Learn

So far, we’ve used R-squared, adjusted R-squared, and an F-test to compare models. These criteria are most useful for finding a model that best fits an observed set of data. They are often used when our goal is interpreting a model to understand relationships between variables.

If our goal is to choose the best model for making predictions for new/unobserved data, we may want to use a likelihood based criteria instead.

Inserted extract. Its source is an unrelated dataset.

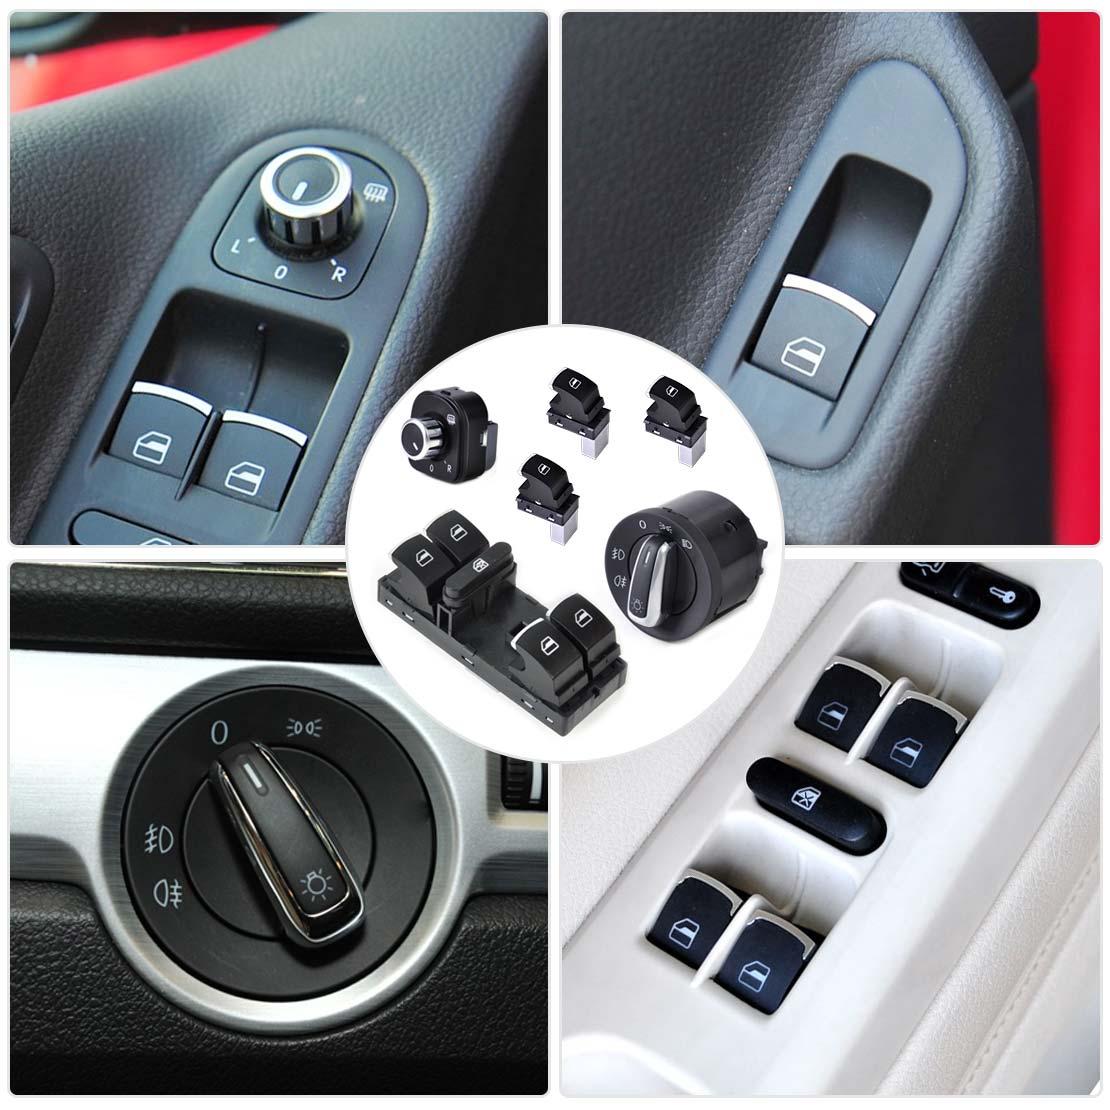 beler Headlight Mirror Window Switch Control Set for VW Golf Jetta GTI MK5 MK6 Passat B6 3C Rabbit Tiguan 5ND941431A 5ND959565B headlight mirror window switch passat b6 3c - title=
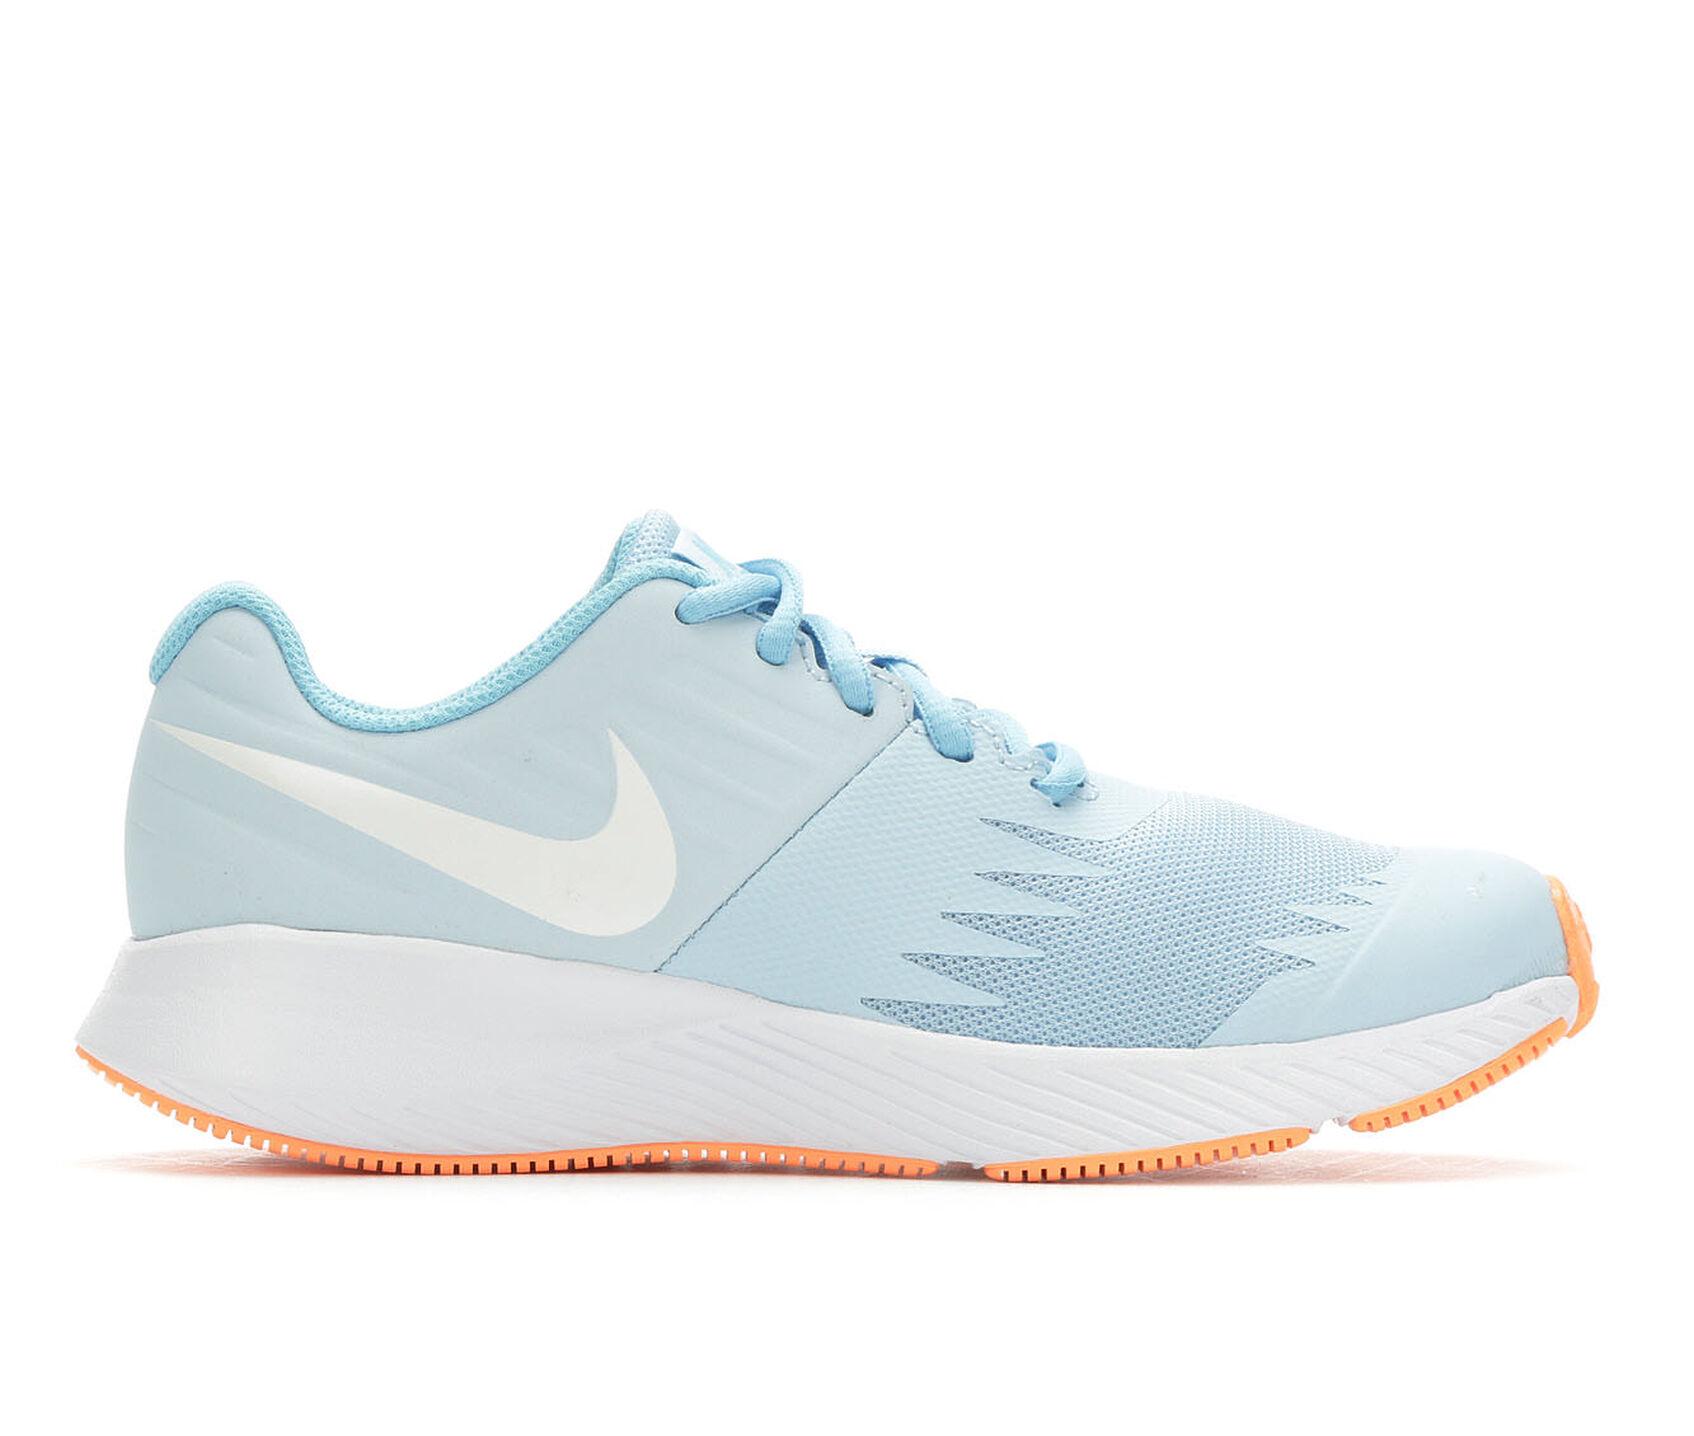 6a0297fe7b9c ... Nike Big Kid Star Runner Running Shoes. Previous

Log-likelihood of a linear regression model essentially measures the probability of observing our data given a particular model. Higher log-likelihood is better.

For example, we can compare two models based on log likelihood as follows:

``````model1 = sm.OLS.from_formula('rent ~ bedrooms + size_sqft + min_to_subway', data=rentals).fit()

model2 = sm.OLS.from_formula('rent ~ bathrooms + building_age_yrs + borough', data=rentals).fit()

print(model1.llf) #Output: -44282.327
print(model2.llf) #Output: -44740.623``````

Because model 1 has a higher log-likelihood (a smaller negative number is larger), we would choose model 1 over model 2.

### Instructions

1.

Using the `bikes` dataset, fit a model to predict the number of bike rentals (`cnt`) with the following predictors: temperature (`temp`), windspeed (`windspeed`), and whether or not it is a holiday (`holiday`). Save the fitted model as `model1`.

2.

Now fit a second model to predict `cnt` using the following predictors: humidity (`hum`), season (`season`), and the day of the week (`weekday`).

3.

Print out the log-likelihood for both models.

4.

Based on the log likelihood values, which model would you choose? Indicate your answer by setting a variable named `which_model` equal to `1` if you would choose `model1` and equal to `2` if you would choose `model2`.